Posted by Elizabeth on November 23, 2001, at 19:40:05

In reply to Re: Fiorinal and Fioricet, posted by nightlight on November 23, 2001, at 8:55:12

> Yes, ya just don't see those bottles of seconal, nembutal, tuinal, etc..... the way u used too!

I'm afraid that was before my time!

> Plain codeine did nothing for my depression, nor did any of the other many painkillers I have used in search of relief from intense cervical pain. Not even the beloved Vicodins from which I have known so many to find tremendous depression relief. ONLY the F#3's for me.

That's weird. Did you ever take Fiorinal (or Fioricet) without the codiene?

> Darvocette 100-2x's a day

Propoxyphene, the main ingredient in Darvocet, is a *really* weak synthetic opioid. ("Darvocet" is how it's spelled, BTW. The "-cet" ending just means it has Tylenol (aCETaminophen) in it, as with Fioricet -- plain propoxyphene is Darvon.) Propoxyphene is pretty comparable to codeine, in terms of how well it relieves pain, I think (the doses are different, of course).

> carisoprodal 350 mgs. prn daily

Soma is a good muscle relaxant (although not "potent"). I tried this one for back pain ("myofascial pain syndrome") as well as Fioricet; the Soma worked much more reliably.

> propanolol 40 mgs. 2 x's a day

What's this one supposed to be for? I don't think I've ever heard of beta-blockers being used for pain (twice-a-day dosing of propranolol is pretty unusual too).

> Yes, 'endogenous', simply, I believe, to let me know that he believed that there was something off-balance in my physical chemistry and had been, for a very long time.
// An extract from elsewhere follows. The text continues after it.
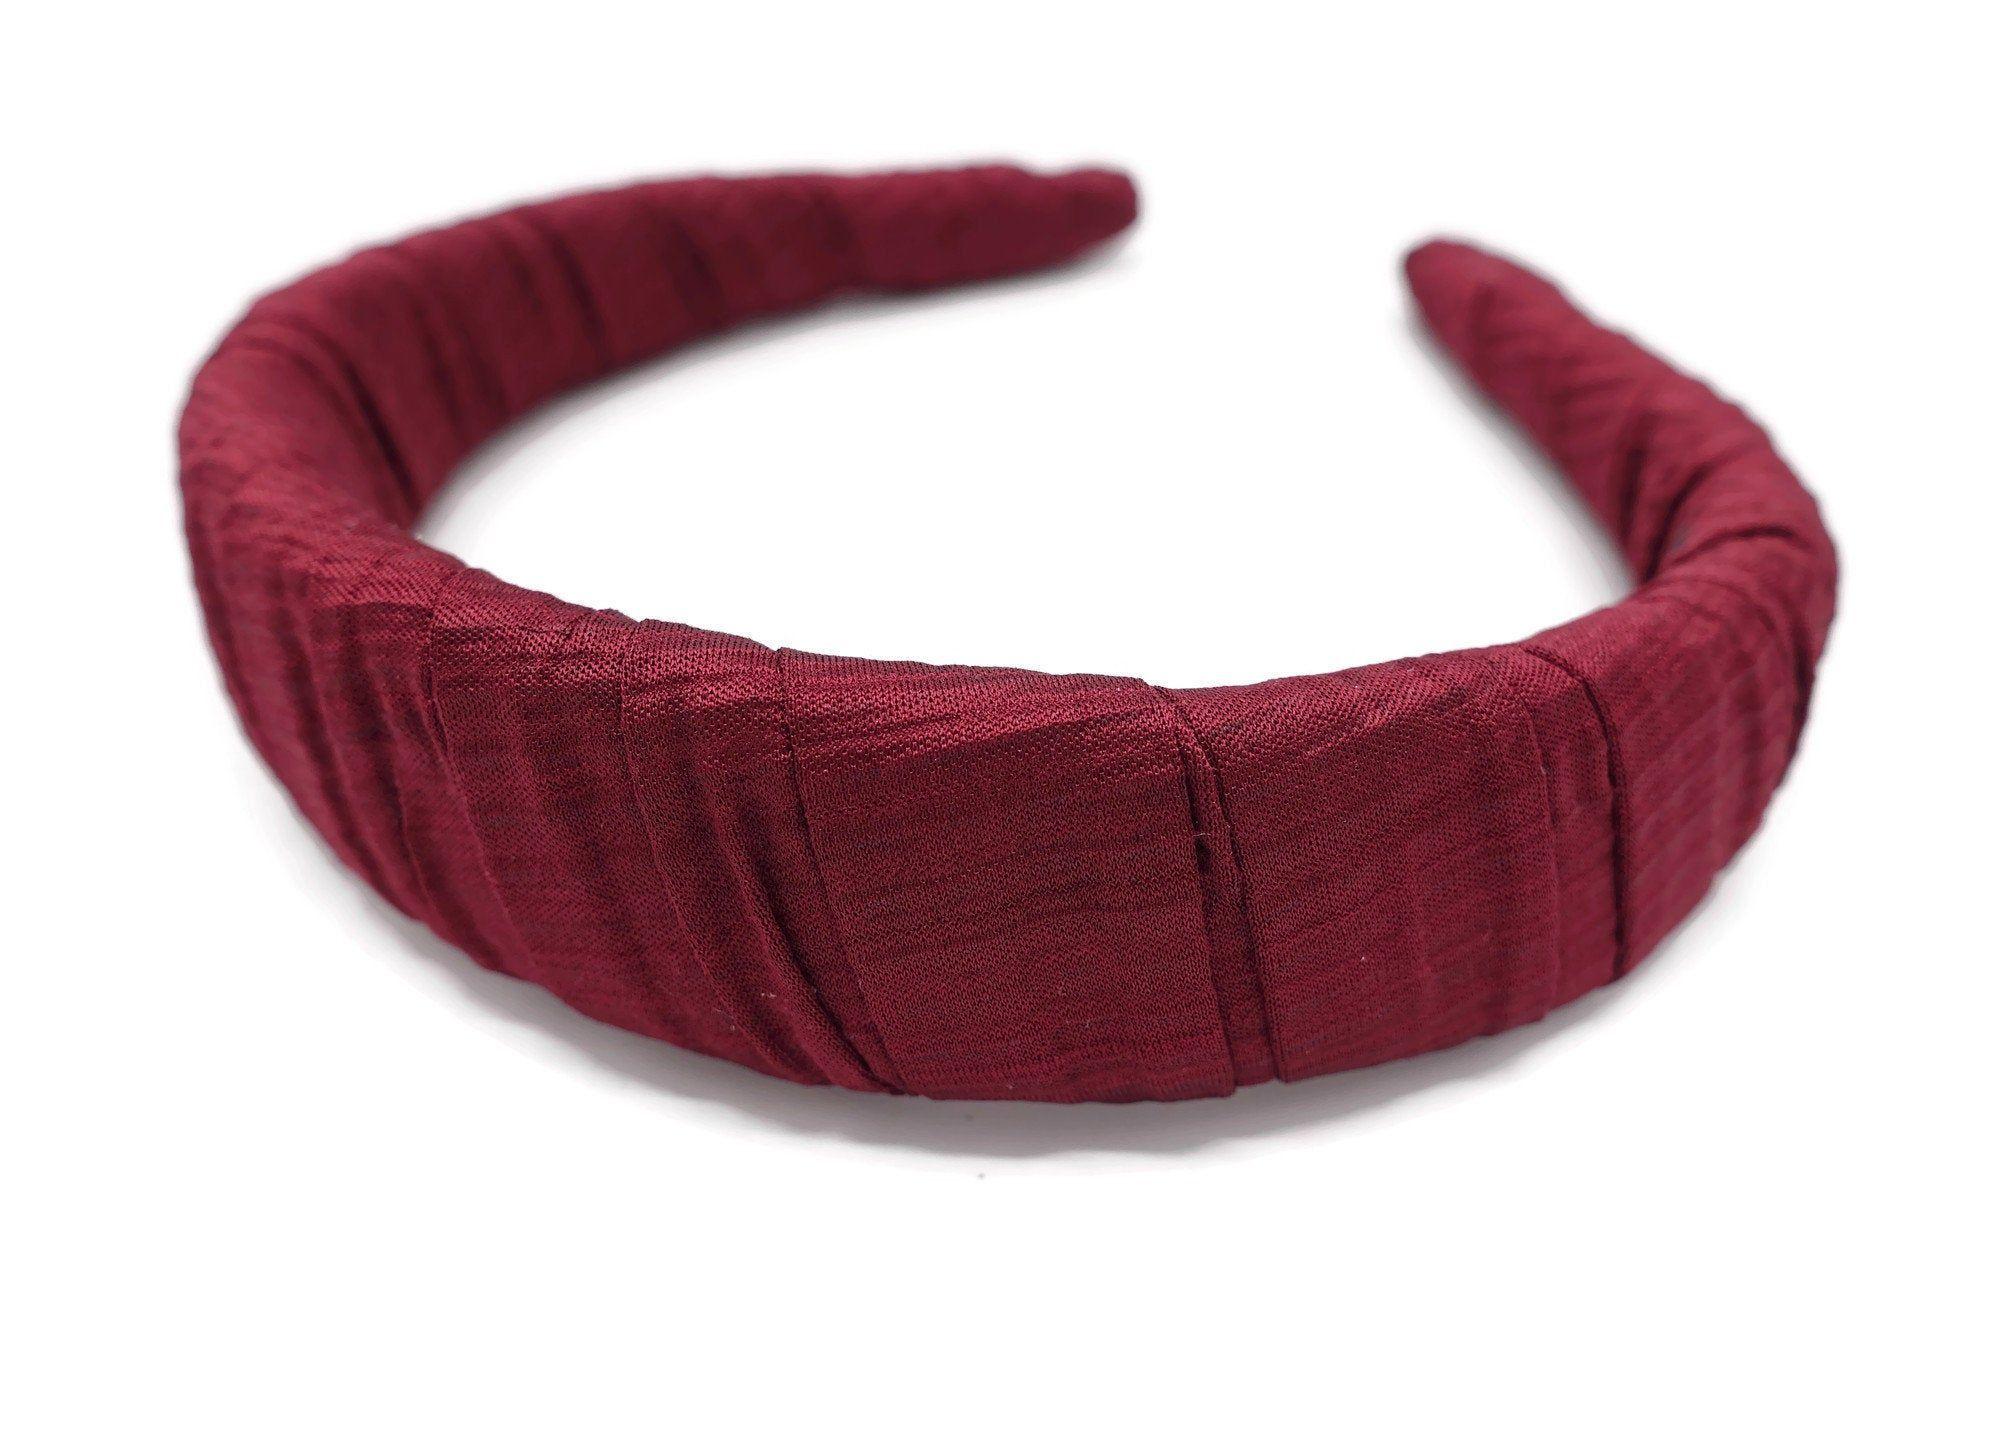 padded headband corrugated fabric wrap hairband pleated women hair accessory  padded headband corrugated fabric wrap hairband pleated women hair accessory #HighHeadband #PaddedH #Accessory #corrugated #Fabric #hair #Hairband #Headband #padded #pleated #Women #wrap

He knew that my previous pdoc thought I was experiencing 'situational' depression and dysfunction and that, even tho no A-D's were working for me, (or ever had, in the many years of drug trials), I'd get better when my environment became less stressful.

Ah. The expression "endogenous depression" is used more in the UK and some other places than here, but the UK definition is different from what your pdoc meant (they use it to mean what DSM-IV calls "major depression with melancholic features" -- helpful to know if you're ever reading European psychiatric literature).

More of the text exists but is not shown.